━━━━━ Material provided

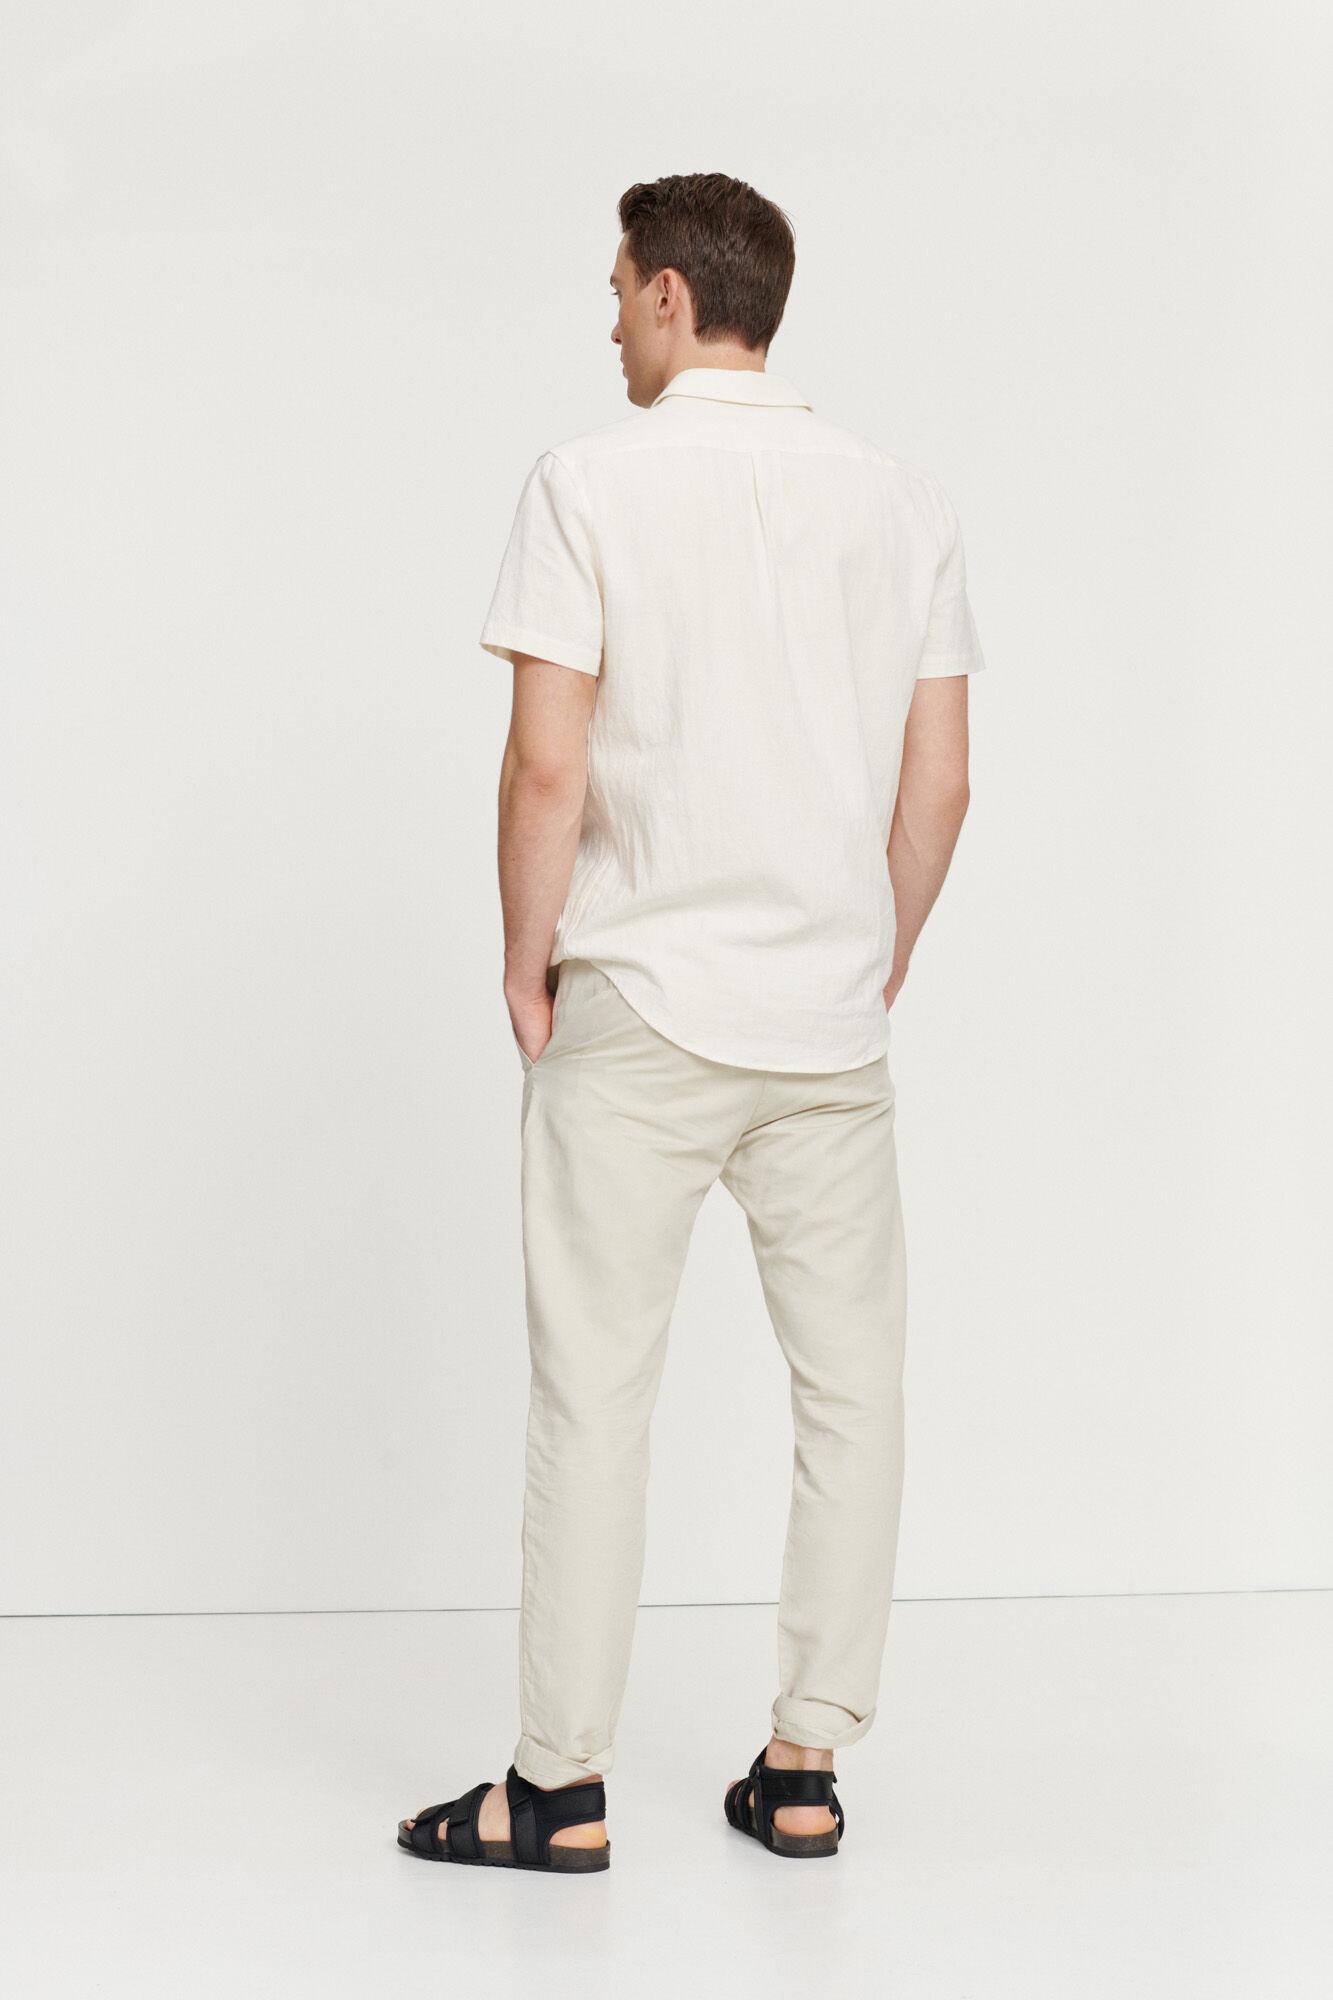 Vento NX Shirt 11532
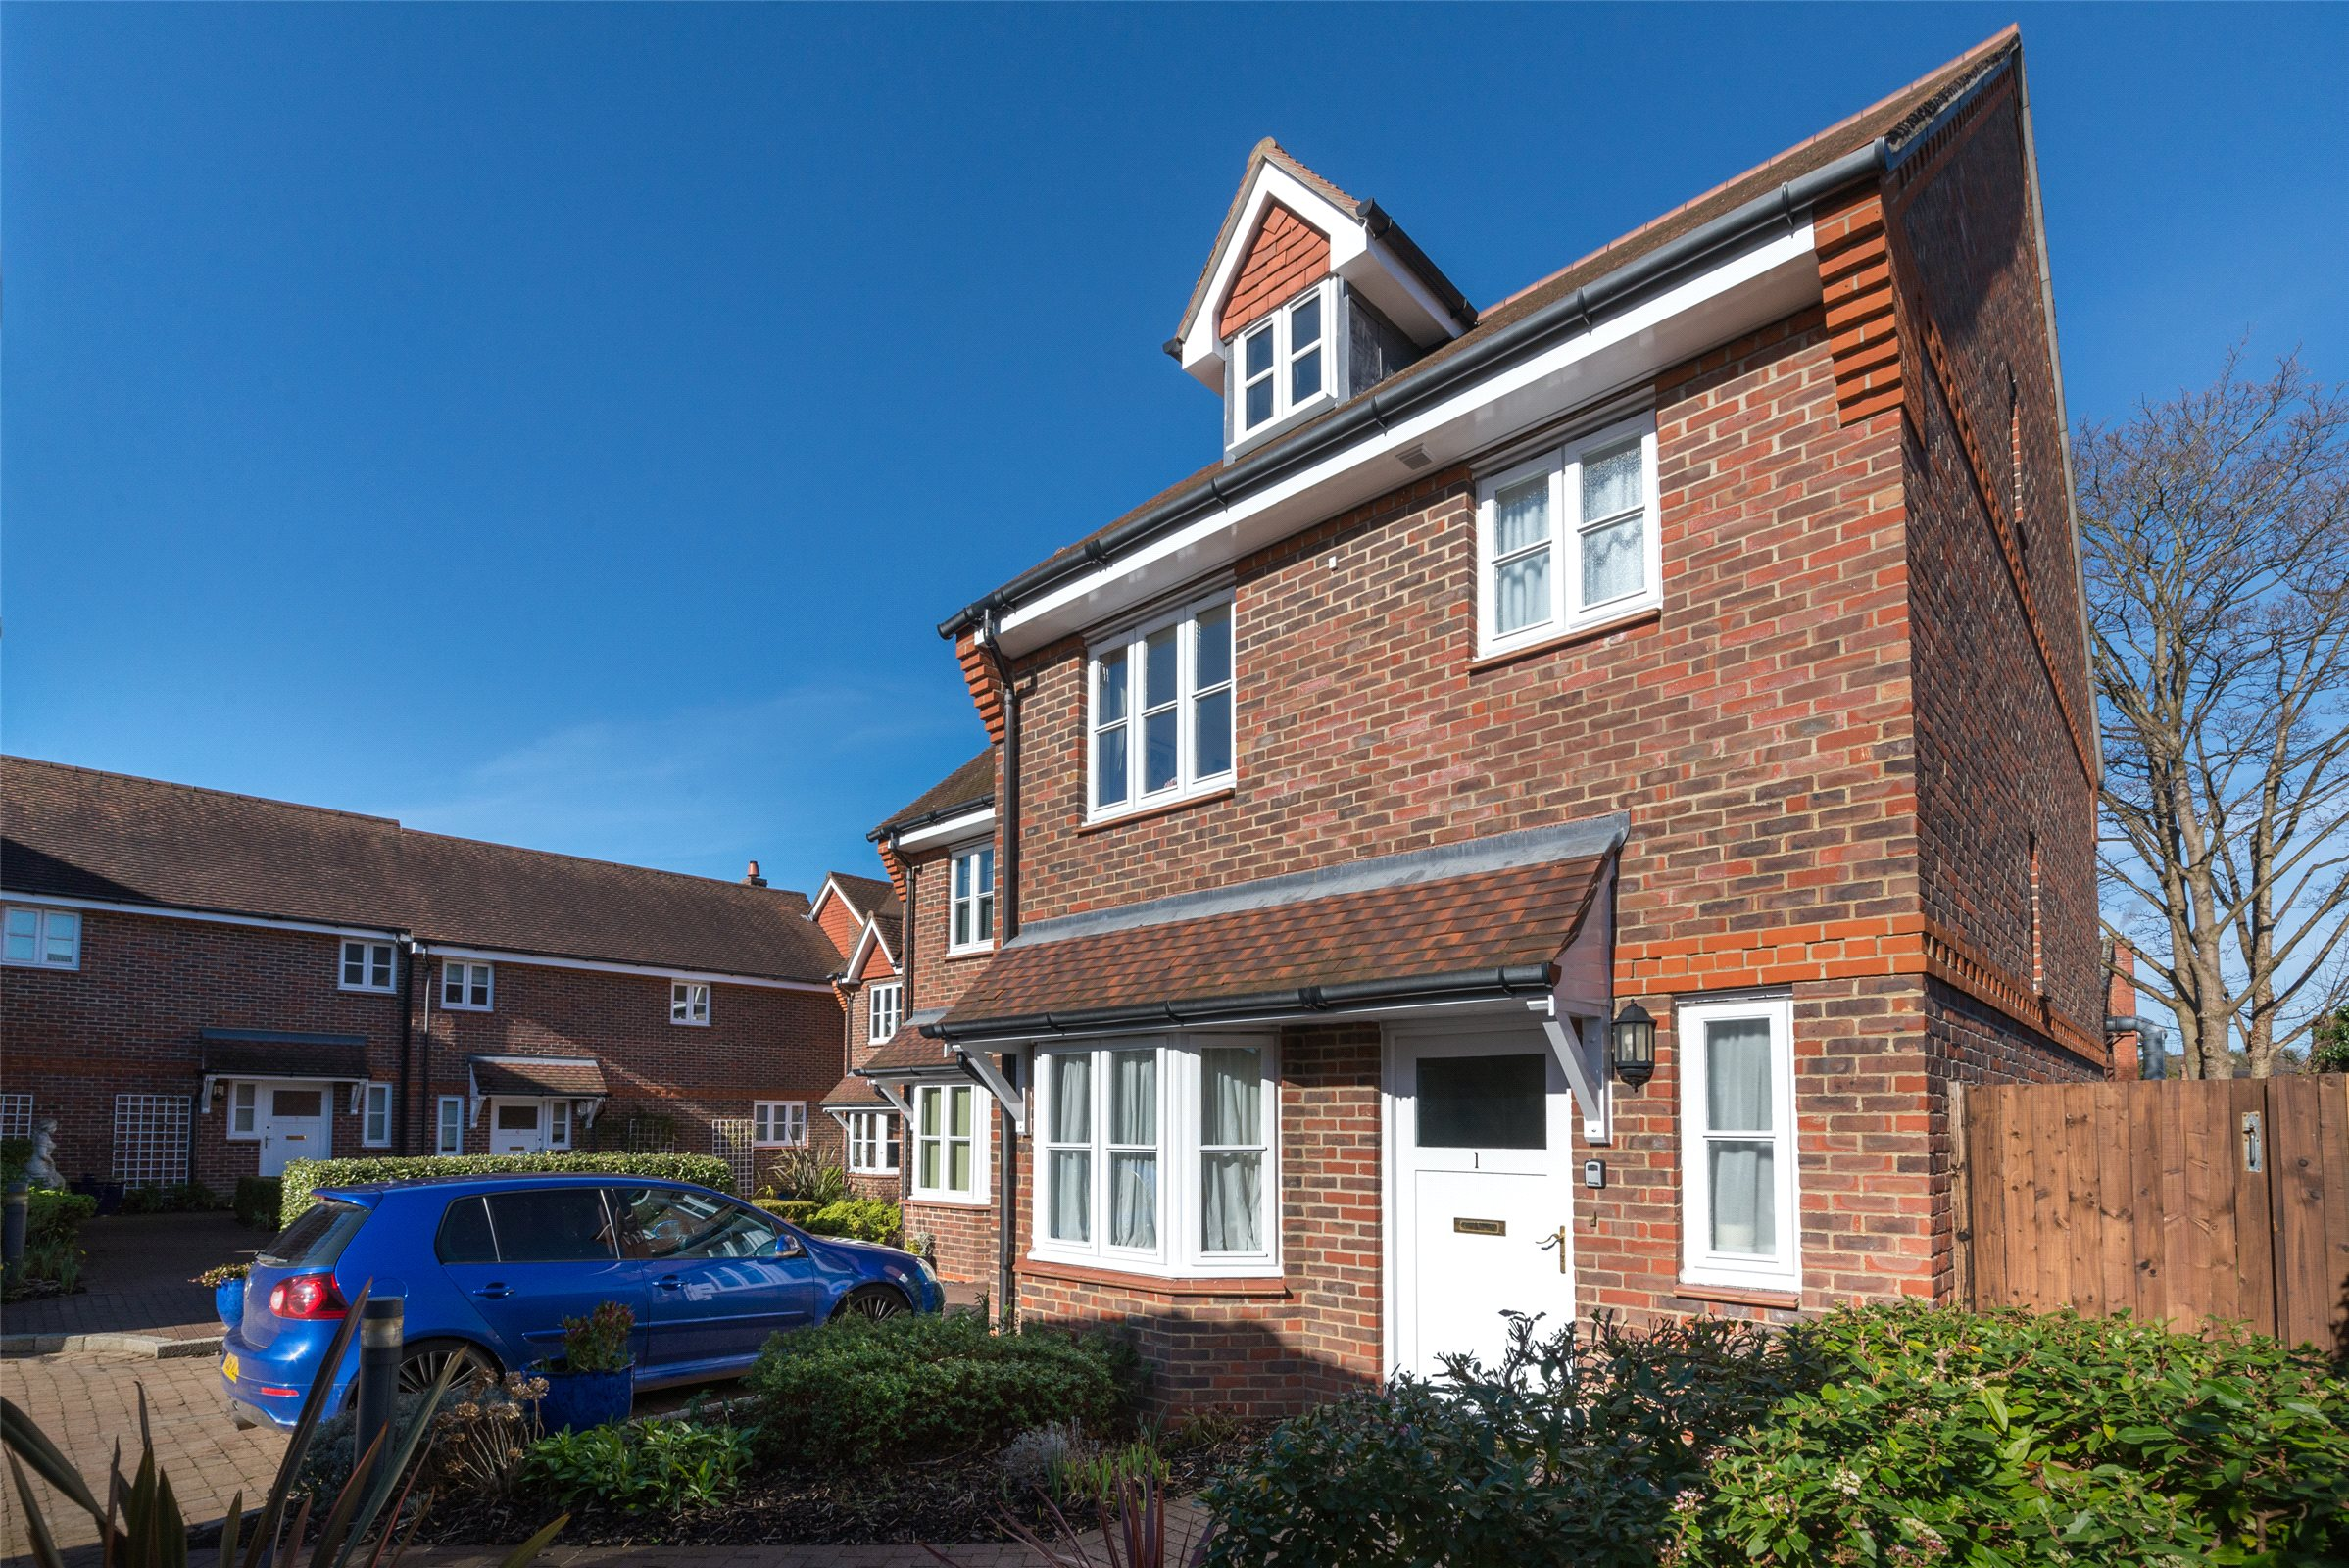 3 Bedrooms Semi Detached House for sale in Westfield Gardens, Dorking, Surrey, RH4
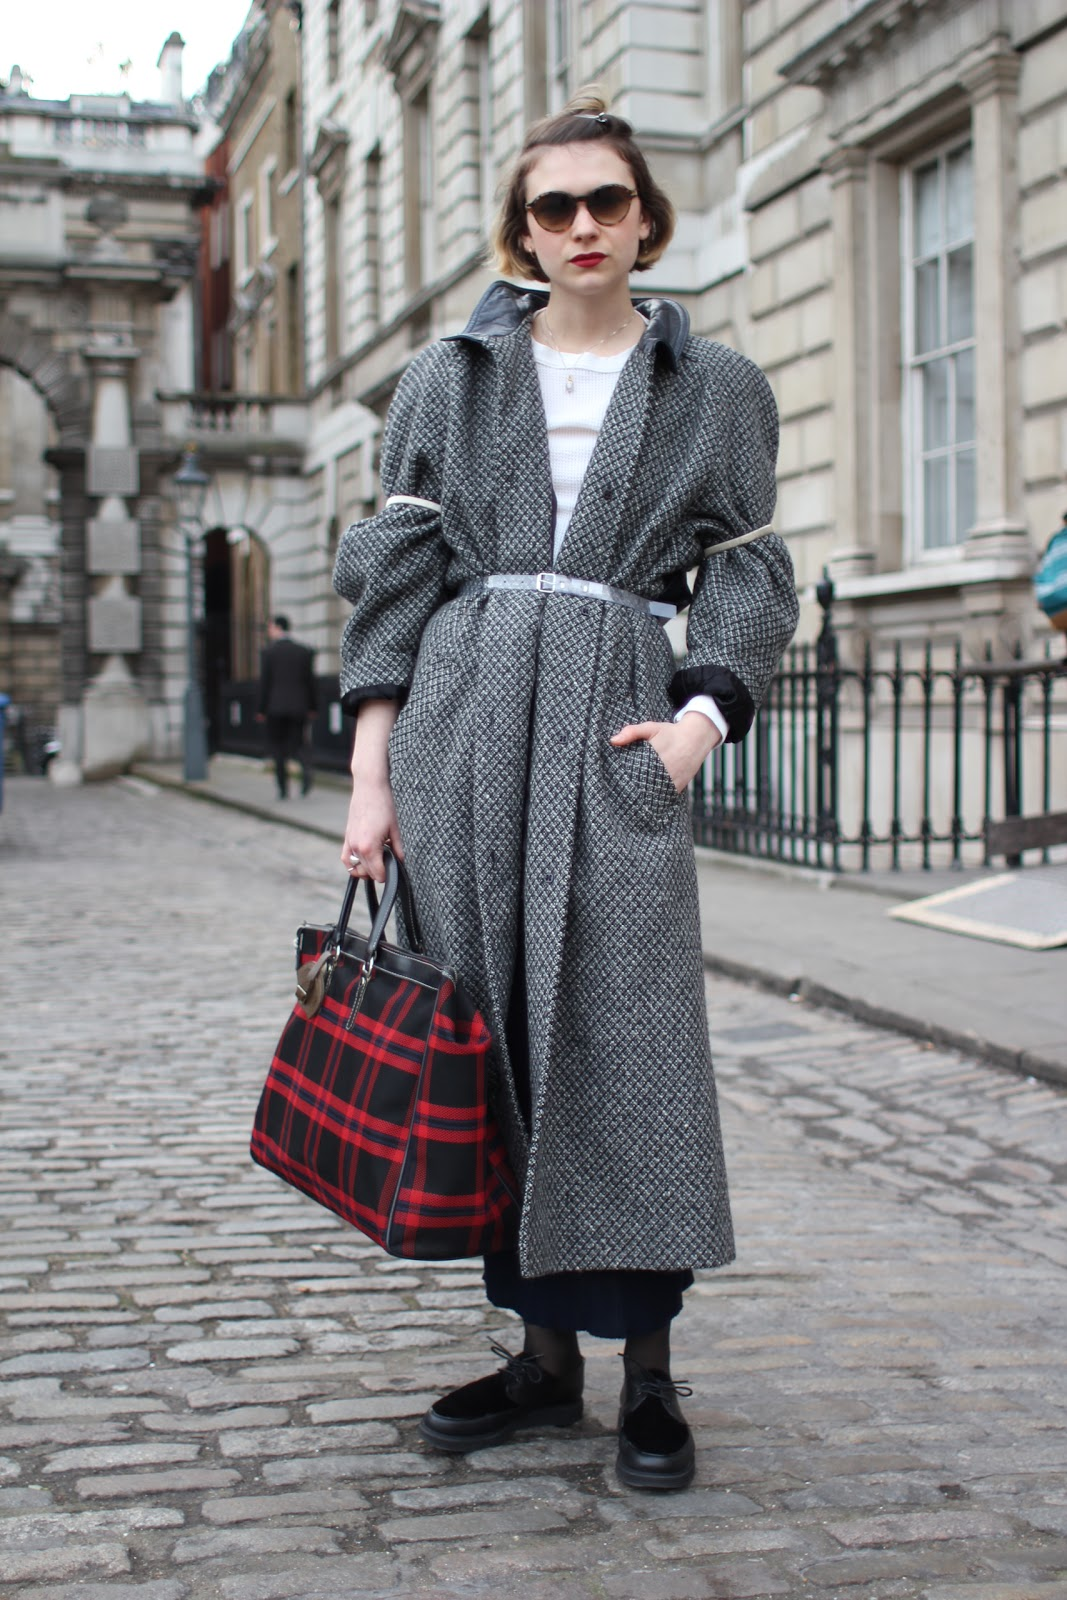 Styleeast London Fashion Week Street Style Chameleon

━━━━━━━━━━

> Work to complete
All of the data, minus its pictures, should be repeated exactly.

> Exercise result
 Vento NX Shirt 11532
 3 Bedrooms Semi Detached House for sale in Westfield Gardens, Dorking, Surrey, RH4
 Styleeast London Fashion Week Street Style Chameleon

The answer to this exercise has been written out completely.